Probabilmente le cose stavano proprio come avevo immaginato, mi dissi. Il Professore aveva estratto i miei dati personali, se ne era servito per i suoi studi, e usandomi come campione principale si era spinto molto avanti nella logica dello shuffling. A grandi linee le cose stavano così, il ragionamento filava. Come aveva detto il piccoletto, il Professore mi aveva chiamato perché era arrivato al cuore della sua ricerca: aveva trattato dei dati qualunque in modo che quando io li avessi sottoposti allo shuffling la mia coscienza reagisse al codice fisso che vi aveva inserito, e me li aveva consegnati.

Se le mie supposizioni erano fondate, la mia coscienza - il mio inconscio, cioè - probabilmente aveva già cominciato a reagire. Una bomba a orologeria, aveva detto il piccoletto. Calcolai rapidamente il tempo passato da quando avevo fatto lo shuffling. Al termine dell'operazione, quando mi ero svegliato, mancava poco alla mezzanotte - la mezzanotte del giorno precedente - di conseguenza erano passate quasi ventiquattro ore. Un sacco di tempo. Non sapevo in che modo fosse stata regolata la bomba, dopo quante ore sarebbe scoppiata, ma in ogni caso le lancette del timer erano già avanzate di ventiquattro ore.
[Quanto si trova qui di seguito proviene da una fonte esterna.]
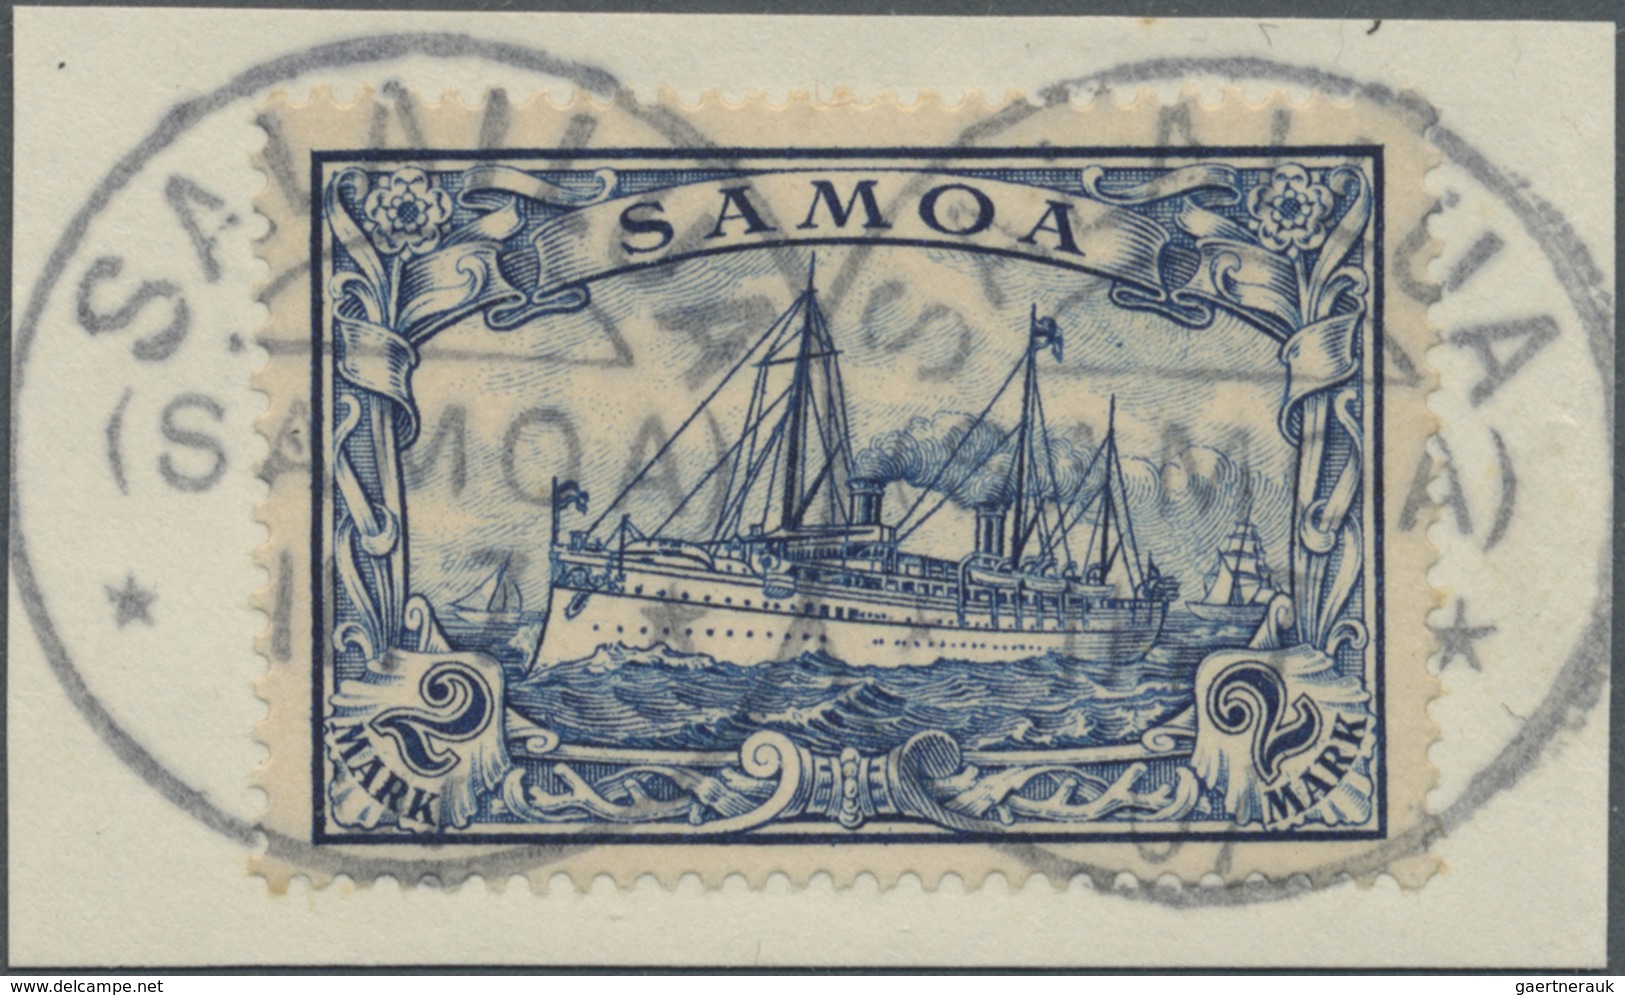 Brfst Deutsche Kolonien - Samoa - Stempel: Perfektes Luxus-Briefstück 2 Mark Mit Guten Stempeln SALAILUA - Samoa

- C'è un'altra cosa che vorrei sapere, - proseguii. - Hai detto che il mondo finirà, vero?

- Sì, è così che diceva il nonno.

- E questo prima di iniziare gli studi sui miei dati, o dopo?

- Dopo, - rispose la ragazza. - Sì, dopo, credo. Infatti è solo di recente che si è messo a parlare chiaramente di fine del mondo. Perché, che rapporto c'è fra le due cose?

- Non lo so bene nemmeno io. Ma c'è qualcosa che non quadra. Il fatto che la mia password per lo shuffling si chiami «La fine del mondo». Non posso credere che si tratti di un caso.

- E cosa contiene, questa «fine del mondo» di cui sta parlando?

- Non so neanche questo. È inserita nella mia coscienza, ma è nascosta in un punto che io non posso raggiungere. L'unica cosa che conosco sono queste parole: «La fine del mondo».

- E non può fare l'operazione inversa, tornare al punto di partenza?

- Impossibile, - dissi. - Anche mettendo in campo un battaglione, non riuscirei mai a rubare i dati dalla cassaforte sotterranea del Sistema. È dotata di dispositivi di allarme e di sicurezza particolari.

- Il nonno invece quei dati li ha presi servendosi della sua posizione, vero?

- Probabilmente. Ma è solo una congettura. La verità ce la può dire solo lui.

- Allora libererà il nonno dalle grinfie degli Invisibili?

Tenendo le mani schiacciate sulla ferita, mi alzai a sedere sul letto. Avevo un terribile mal di testa.

- È l'unica soluzione. Non so cosa sia questa fine del mondo di cui parla tuo nonno, ma non posso certo lasciare che faccia il suo corso. Ho l'impressione che se non si fa qualcosa per fermarla, qualcuno se la vedrà brutta -. E quel qualcuno ero io.

- In ogni caso, per fermarla deve per forza salvare mio nonno.

- Perché siamo delle brave persone, noi tre, vero?

- Sì, infatti, - disse la ragazza grassa.